Moran production is processed at the Agogo Production Facility (APF) and liquids are then piped to the Central Production Facility for further processing, storage and export through the export pipeline. The Moran PDL-5 participants pay a tariff to the PDL-2 and PL-2 partners for processing and transporting crude through the Kutubu system.
In late 2003, NW Moran, an extension of the Moran field towards the north west, into PPL 219, was discovered. In September 2005, an Extended Production Test (EPT) of the NW Moran 1 well commenced, following the construction of a 23 kilometre pipeline linking NW Moran into the APF. This, together with infrastructure debottlenecking, additional infill wells and success in re-pressurising the Moran reservoir due to improved facilities reliability, has resulted in an increase in production rates in recent years.

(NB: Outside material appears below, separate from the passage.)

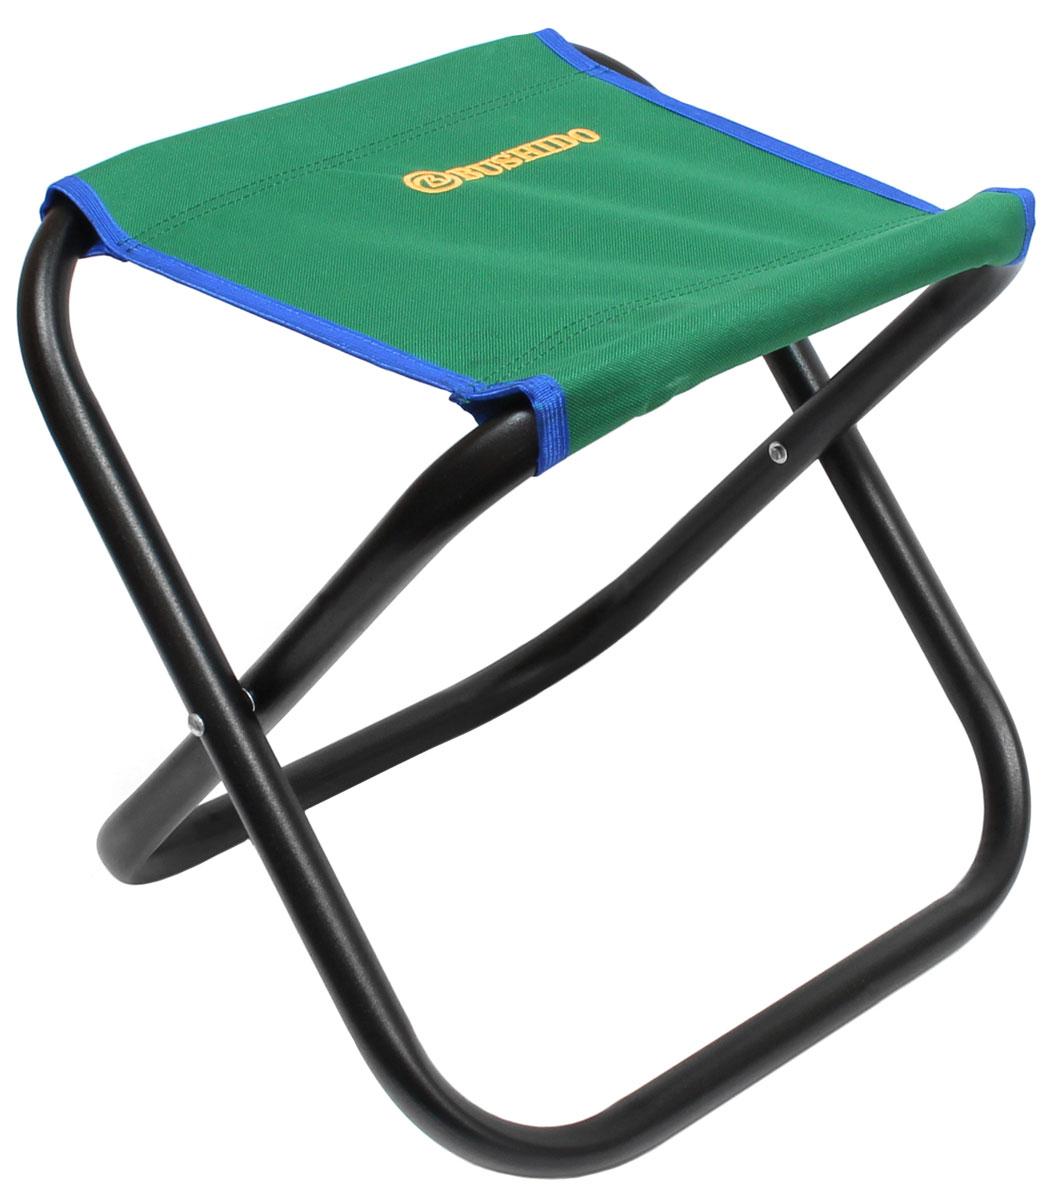 Стул складной Bushido, цвет: зеленый, 35 х 28 х 33 см0702-101, зеленыйСкладной стул Bushido предназначен для отдыха на природе, пикника или рыбалки. Каркас выполнен из стали, покрытиеиз текстиля. Размер: 35 х 28 х 33 см. Диаметр трубы: 22 мм. Максимальная нагрузка: 100 кг.

In late 2006, the PDL 2, PDL 5 and PPL 219 joint venture partners agreed to establish a single Greater Moran Unit across the Moran and NW Moran fields. The agreed split is 55:44:1 to PDL 5, PDL 2 and PPL 219 respectively, giving Oil Search a 49.52% interest in the Unit. The formal unitisation agreement will be executed once PDL 6, a Production Development Licence over the NW Moran field, has been awarded.
Oil reserves
As at 31 December 2007, the Moran project had produced 49.7 million barrels. The gross proved plus probable ultimate recoverable reserves are 110 million barrels with 60.3 million barrels remaining. The reserves are contained within generally high permeability oil rims in the Toro and Digimu sandstones. The fields have a large vertical relief that promotes efficient gravity drainage. Gas re-injection is ongoing to restore the reservoir pressure to close to initial levels and achieve a highly efficient miscible gas-oil displacement in some of the main reservoir units. Oil Search’s share of remaining recoverable 2P reserves as at 31 December 2007 was 29.9 million barrels.
Marketing
Moran crude is similar to Gobe and Kutubu crude and is sold as “Kutubu Blend”.
Recent performanceProduction net to OSH
| mmbbl | 1Q | 2Q | 3Q | 4Q | Year |
| 2003 |
0.60 |
0.62 |
0.68 |
0.68 |
2.58 |
| 2004 |
0.67 |
0.72 |
0.61 |
0.88 |
2.89 |
| 2005 |
0.64 |
1.03 |
0.90 |
1.07 |
3.64 |
| 2006 |
1.00 |
0.90 |
0.80 |
1.07 |
3.70 |
| 2007 |
0.89 |
0.93 |
0.98 |
1.01 |
3.81 |
| 2008 |
0.85 |
0.81 |
|
|
1.66 |
Latest quarterly report
Oil Search’s share of 2008 first quarter production from Moran and NW Moran was 0.85 million barrels, with the fields producing at a gross average rate of 18,877 bopd. This was 16% lower than in the fourth quarter of 2007, reflecting the scheduled February shutdown of the APF for maintenance.
Production from the NW Moran 1 EPT (Extended Production Test) averaged 2,953 bopd during the quarter, which was 9% lower than in the fourth quarter of 2007 due to natural well decline.
A Landowner Development forum regarding NW Moran took place in February and an offer of a Production Development Licence (PDL) over NW Moran is now expected to occur before the EPT consent expires on 30 April 2008. Once the PDL has been granted, the NW Moran well and the NW extension of the Moran field will be integrated formally into the Moran unit.
During the quarter, preparations continued for the drilling of three additional Moran development wells in 2008. Drilling is expected to commence around mid-year.